JILL HEEMSKERK: [chuckling] I'm really wondering what to make of that intro music [laughter]! You guys are a hoot.

Yes, so, thank you for that nice introduction, and good afternoon, everybody [applause]. I am Jill Heemskerk, deputy director of, we'll say, NIBIB. You heard the full name and it's a mouthful, but really what we are is the engineering institute at the National Institutes of Health.

The NIH is one of the largest, is actually the largest funder of biomedical research in the world, and funds most of the research done at universities, small businesses, and research institutions in this country. It's actually made up of twenty-seven different institutes and centers, and you know at least one, because Dr. Tony Fauci runs the National Institute of Allergy and Infectious Disease [cheering and applause]. That's one of the biggest NIH institutes. Engineering is a small one, but we're mighty. And when the pandemic started, Congress gave the NIH a lot of money to develop new vaccines, new treatments, and new tests for COVID.

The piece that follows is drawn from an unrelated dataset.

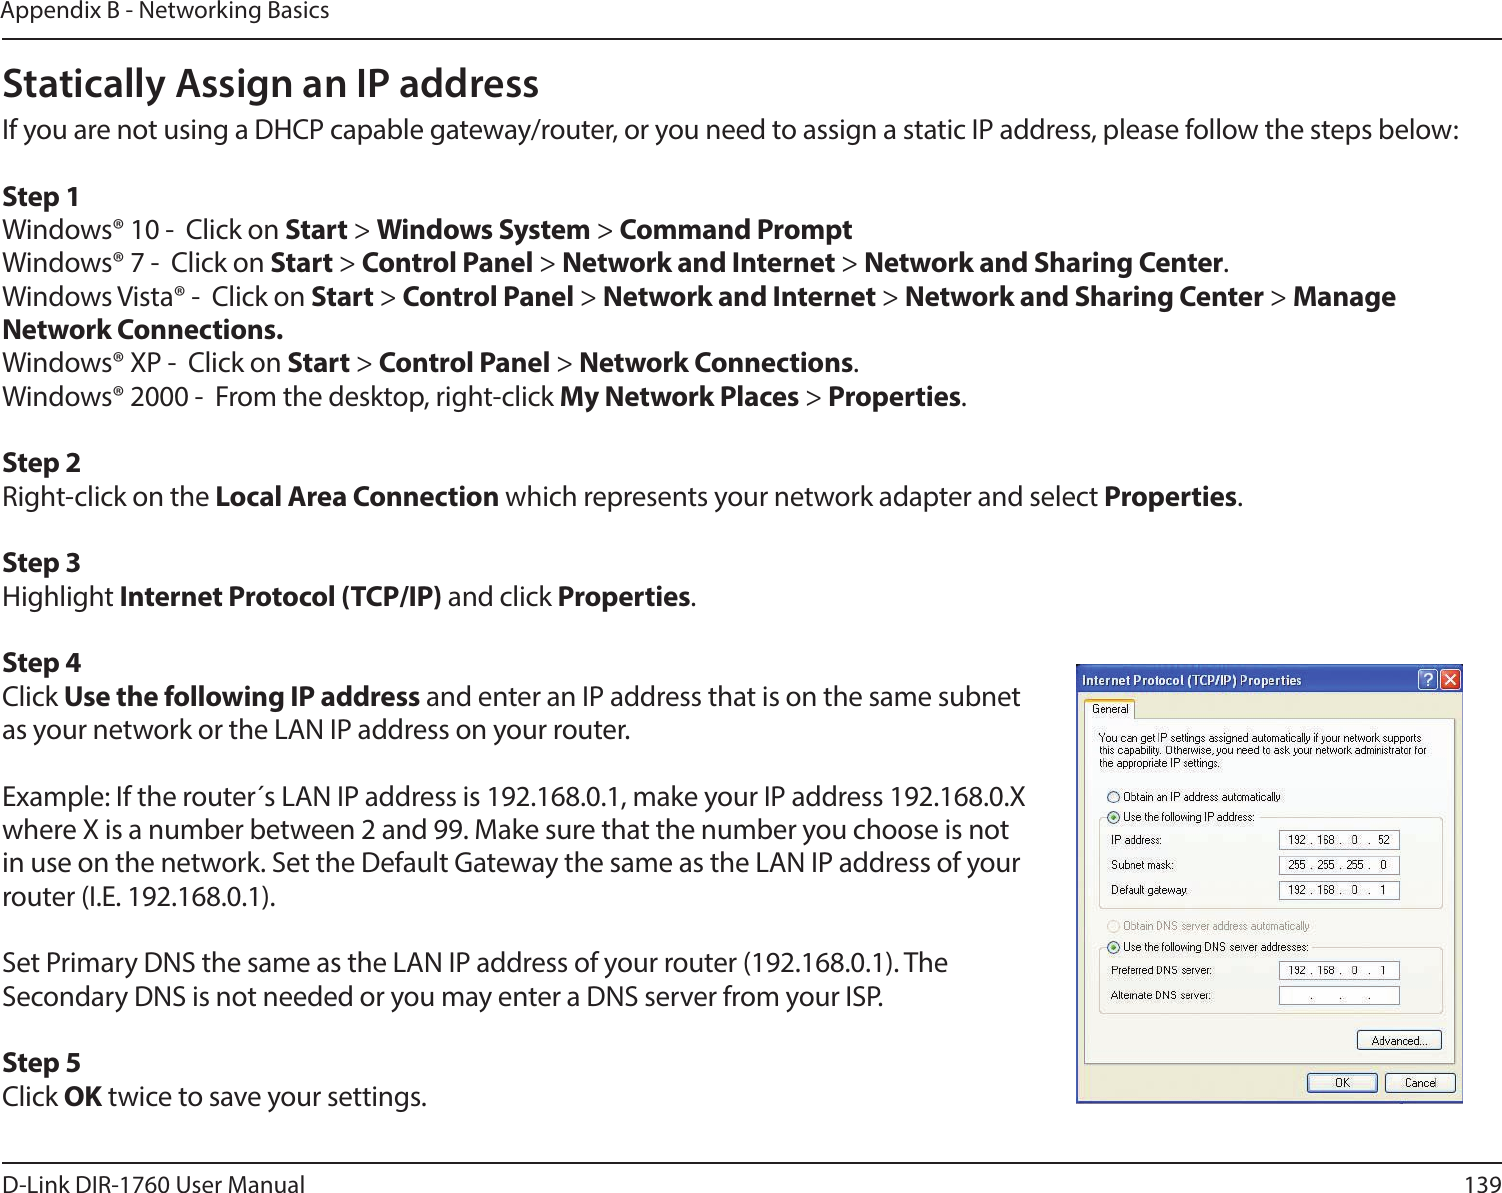 139D-Link DIR-1760 User ManualAppendix B - Networking BasicsStatically Assign an IP addressIf you are not using a DHCP capable gateway/router, or you need to assign a static IP address, please follow the steps below:Step 1Windows® 10 -  Click on Start &gt; Windows System &gt; Command PromptWindows® 7 -  Click on Start &gt; Control Panel &gt; Network and Internet &gt; Network and Sharing Center.Windows Vista® -  Click on Start &gt; Control Panel &gt; Network and Internet &gt; Network and Sharing Center &gt; Manage      Network Connections.Windows® XP -  Click on Start &gt; Control Panel &gt; Network Connections.Windows® 2000 -  From the desktop, right-click My Network Places &gt; Properties.Step 2Right-click on the Local Area Connection which represents your network adapter and select Properties.Step 3Highlight Internet Protocol (TCP/IP) and click Properties.Step 4Click Use the following IP address and enter an IP address that is on the same subnet as your network or the LAN IP address on your router. Example: If the router´s LAN IP address is 192.168.0.1, make your IP address 192.168.0.X where X is a number between 2 and 99. Make sure that the number you choose is not in use on the network. Set the Default Gateway the same as the LAN IP address of your router (I.E. 192.168.0.1). Set Primary DNS the same as the LAN IP address of your router (192.168.0.1). The Secondary DNS is not needed or you may enter a DNS server from your ISP.Step 5Click OK twice to save your settings.

The engineering institute, our institute, NIBIB, was charged with developing COVID tests, which is a perfect role for the engineering community. You'll remember at the beginning of the pandemic how very hard it was to get a COVID test, and then once you got your test, how long it took to get the results back. Yeah, that's right, you couldn't even get them.

So, I'm going to tell you today about a program we started called RADx, and that stands for Rapid Acceleration of Diagnostics. We've been successful at delivering about half the diagnostics available in the country now, not only in laboratories, but also at point of care in doctors' offices, clinics, as well as the at-home tests that we're so grateful to have. But really the big story today is our partnership with NFB to make home tests more accessible for people with blindness and low vision [applause]. So, as we just heard, when the government started distributing free tests to people in the country early this year, NFB and other advocacy groups quickly did some very important and very effective outreach to the government. They pointed out that, while it's great to have tests in the country, the tests that we have are not accessible to people with blindness and low vision and other disabilities.

We completely agree and recognize that everybody needs tests that can be taken easily, independently, and confidentially.

And so I'm going to tell you about our RADx efforts to make accessible tests a reality.

I'm going to first describe the RADx program, because it's unique and it's quite a powerful process for accelerating research and development. NIBIB had received funding for development, because we already had a program in place since 2007 developing point-of-care and at-home tests for lots of different diseases and conditions. We quickly expanded that network in April of 2020 to focus on COVID test development.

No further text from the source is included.